Is there something i am missing here thats preventing the data coming back for prodResults?

const puppeteer = require('puppeteer');

const URL = "https://www.amazon.co.uk/";
const selectors = {
  searchBox: '#twotabsearchtextbox',
  productLinks: 'span.a-size-base-plus.a-color-base.a-text-normal',
  productTitle: '#productTitle'
};

(async() => {
  const browser = await puppeteer.launch({
    headless: false
  });
  const page = await browser.newPage();
  await page.goto('https://www.ebay.co.uk/sch/jmp_supplies/m.html?_trkparms=folent%3Ajmp_supplies%7Cfolenttp%3A1&rt=nc&_trksid=p2046732.m1684');

  //Get product titles from ebay
  const grabTitles = await page.evaluate(() => {
    const itemTitles = document.querySelectorAll('#e1-11 > #ResultSetItems > #ListViewInner > li > .lvtitle > .vip');
    var items = []
    itemTitles.forEach((tag) => {
      items.push(tag.innerText)
    })
    return items
  })

  //Search for the products on amazon in a new tab for each product 
  for (i = 0; i < grabTitles.length; i++) {

    const page = await browser.newPage();

    await page.goto(URL)
    await page.type(selectors.searchBox, grabTitles[i++])
    await page.keyboard.press('Enter');

    //get product titles from amazon search results
    const prodResults = await page.evaluate(() => {
      const prodTitles = document.querySelectorAll('span.a-size-medium.a-color-base.a-text-normal');
      let results = []
      prodTitles.forEach((tag) => {
        results.push(tag.innerText)
      })
      return results
    })
    console.log(prodResults)
  }
})()

Advertisement

Answer

There are a few potential problems with the script:

  1. await page.keyboard.press('Enter'); triggers a navigation, but your code never waits for the navigation to finish before trying to select the result elements.

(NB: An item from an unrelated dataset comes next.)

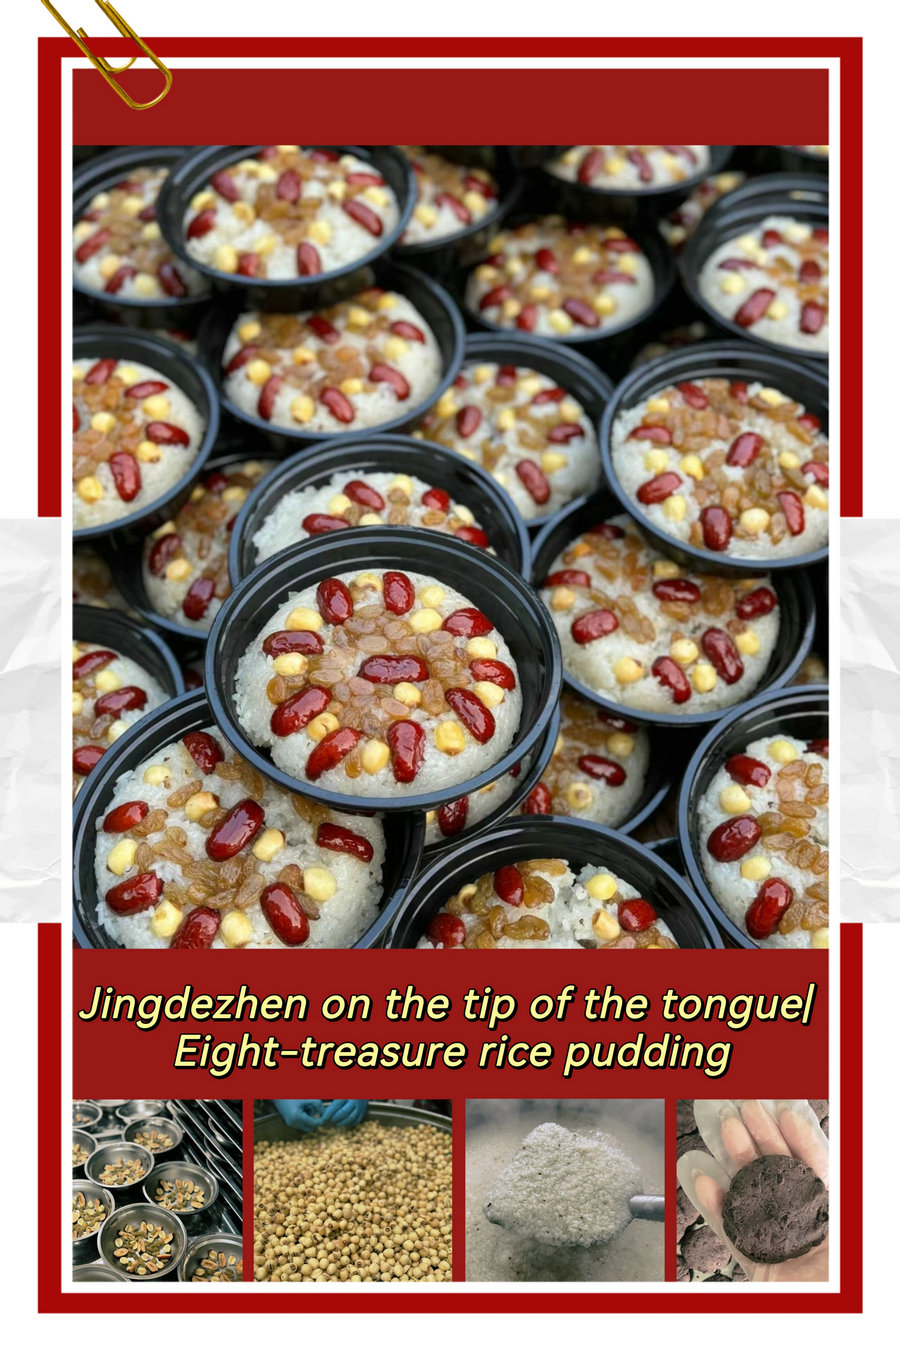 Jingdezhen on the tip of the tongue| Eight-treasure rice pudding

Use waitForNavigation, waitForSelector or waitForFunction (not waitForTimeout).

    If you do wait for a navigation, there’s a special pattern using Promise.all needed to avoid a race condition, shown in the docs.

    Furthermore, you might be able to skip a page load by going directly to the search URL by building the string yourself. This should provide a significant speedup.

  2. Your code spawns a new page for every item that needs to be processed, but these pages are never closed. I see grabTitles.length as 60. So you’ll be opening 60 tabs. That’s a lot of resources being wasted. On my machine, it’d probably hang everything. I’d suggest making one page and navigating it repeatedly, or close each page when you’re done. If you want parallelism, consider a task queue or run a few pages simultaneously.

  3. grabTitles[i++] — why increment i here? It’s already incremented by the loop, so this appears to skip elements, unless your selectors have duplicates or you have some other reason to do this.

  4. span.a-size-medium doesn’t work for me, which could be locality-specific. I see a span.a-size-base-plus.a-color-base.a-text-normal, but you may need to tweak this to taste.

Here’s a minimal example. I’ll just do the first 2 items from the eBay array since that’s coming through fine.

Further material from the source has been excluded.